A developer writes a YAML configuration specifying what should be in the image. The developer commits this configuration to Git. When pushed to main branch, CI/CD pipeline automatically triggers. Validation step checks YAML syntax correctness, package version resolvability, and organizational policy enforcement. Dependency Resolution step resolves all transitive dependencies and outputs a lockfile. Build step compiles the image for both AMD64 and ARM64 architectures, runs the 78-test suite, and generates all 11 verification artifacts. Verification step confirms all tests passed, CVEs have no exploitable code paths, licenses comply with policy, and SLSA provenance is valid. Distribution step pushes verified images to the primary registry and mirrors, attaches all 11 verification artifacts, and notifies the team.

At this point, the image is ready to use in production with complete confidence in its provenance and security.

Configuration Reference

Language/Version Options

Supported base languages include python (3.12, 3.11, 3.10, etc.), go (1.21, 1.20, etc.), node (20, 18, 16, etc.), java (21, 17, etc.), rust (1.74, latest), and ruby (3.2, 3.1, 3.0, etc.).

Build Flags

Build flags include fips: true (Enable FIPS compilation), hardening: maximum (apply security hardening), strip_binaries: true (remove debug symbols), optimization: O2 (optimization level), and reproducible: true (ensure determinism).

Dependencies

Packages can pin exact version or specify range. System packages are specified separately.

Integration Points

CI/CD Integration

GitHub Actions uses cleanstart/build-action to build and push images.

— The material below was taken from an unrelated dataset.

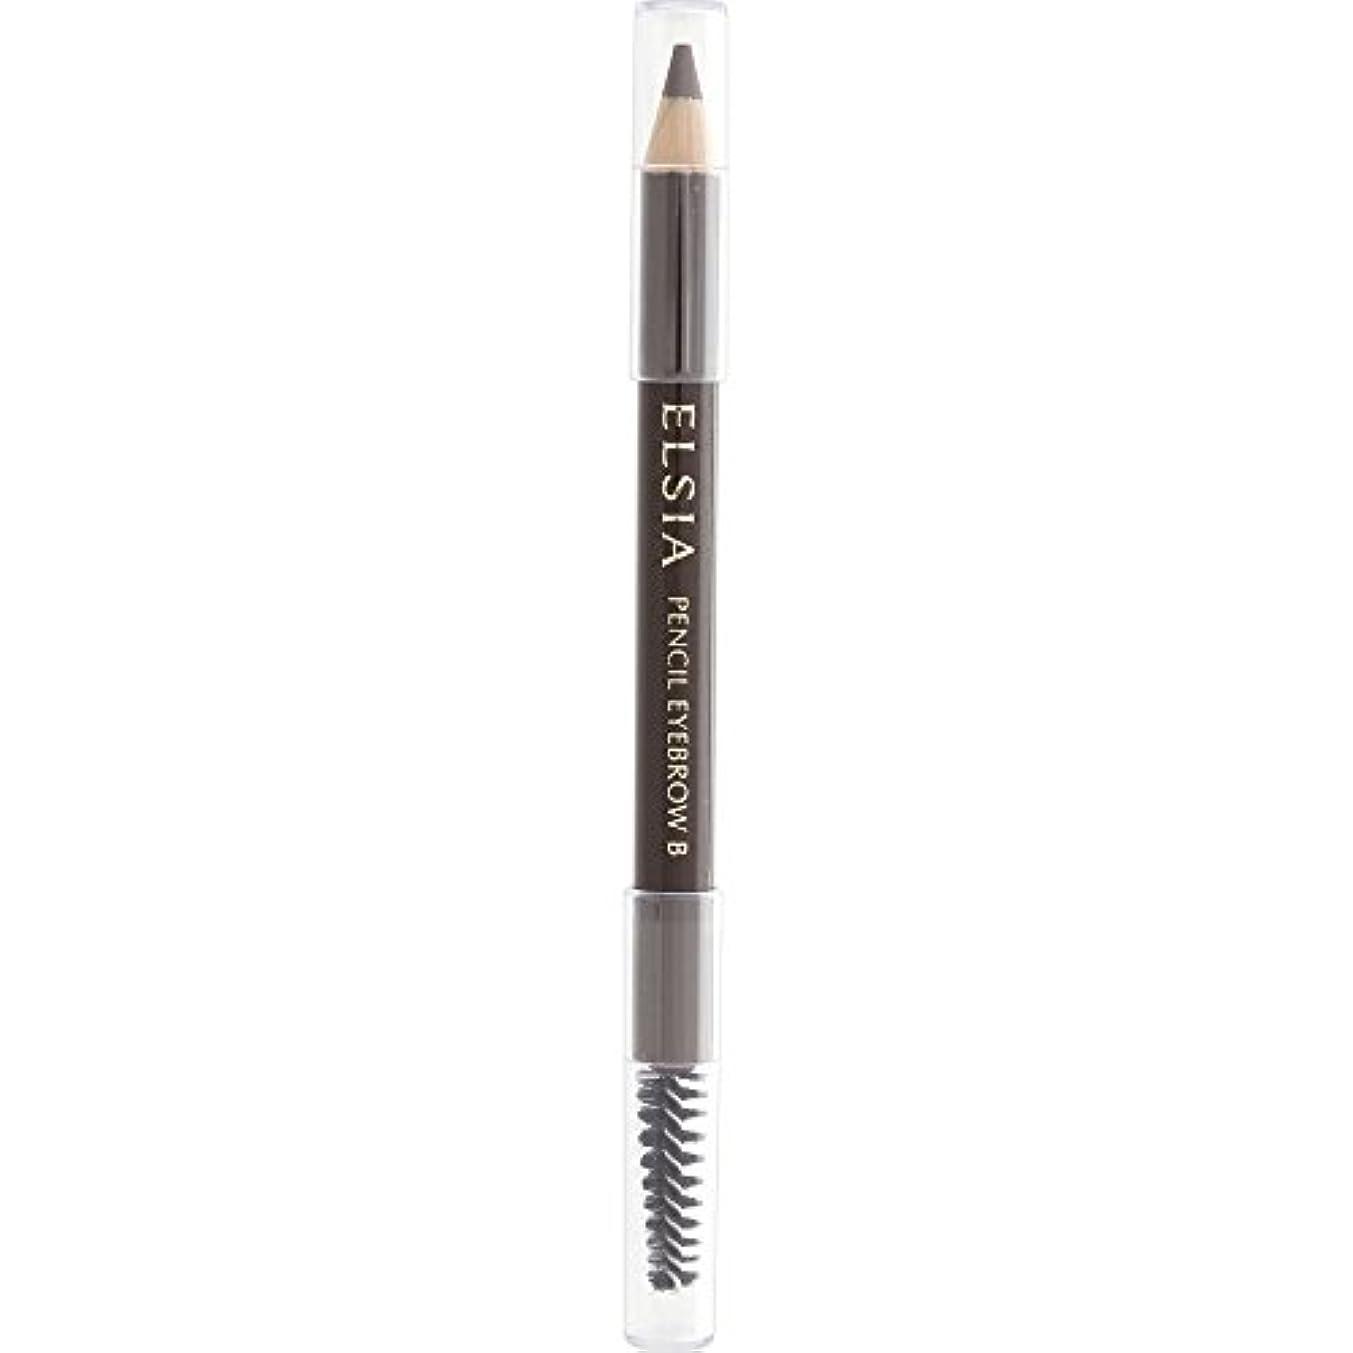 リーン恐怖症そんなにエルシア プラチナム 鉛筆 アイブロウ (ブラシ付) ライトブラウン BR301 1.1g

Cloud Build (Google Cloud) uses cloud-builders/docker with clnstrt-cli.

GitLab CI uses cleanstart/cli:latest container.

Artifact Storage

Local registry (enterprise) pushes to registry.example.com. Multiple registries (high availability) pushes to multiple registries simultaneously.

Advanced Features

Policy Enforcement

Define policies that images must comply with, specifying no untagged versions, allowed languages, FIPS requirements, max critical CVEs, and license whitelist.

Custom Build Scripts

For advanced use cases, inject custom build steps with pre_build and post_build scripts.

Parameterized Configs

Use templating for reusable configurations with parameter substitution.

Performance and Scale

Build Times

Single image takes 15-25 minutes (including tests and artifacts). Parallel multi-arch (AMD64 + ARM64) takes ~20 minutes (not 40). Batch of 10 images takes 2-3 hours (all in parallel).

Scalability

CleanStart can build 100+ images per day per organization, handle 19,200+ pre-built variants, and use distributed builder nodes for parallel builds.

Next Steps

Configure your first image: YAML Image Configuration, Understand the builder pattern: Builder Pattern Dev-Prod, Multi-architecture support: Multi-Arch Build Strategy, Deep dive into hermetic builds: Hermetic Builds and SLSA, and Start building: Quick Start.

Key Insight

The image construction pipeline removes the friction between "I want an image" and "I have a production-ready, verified, auditable image."

What used to take days (write Dockerfile, build, test, scan, fix CVEs, rebuild) now takes minutes (declare config, run build, get verified image with 11 artifacts).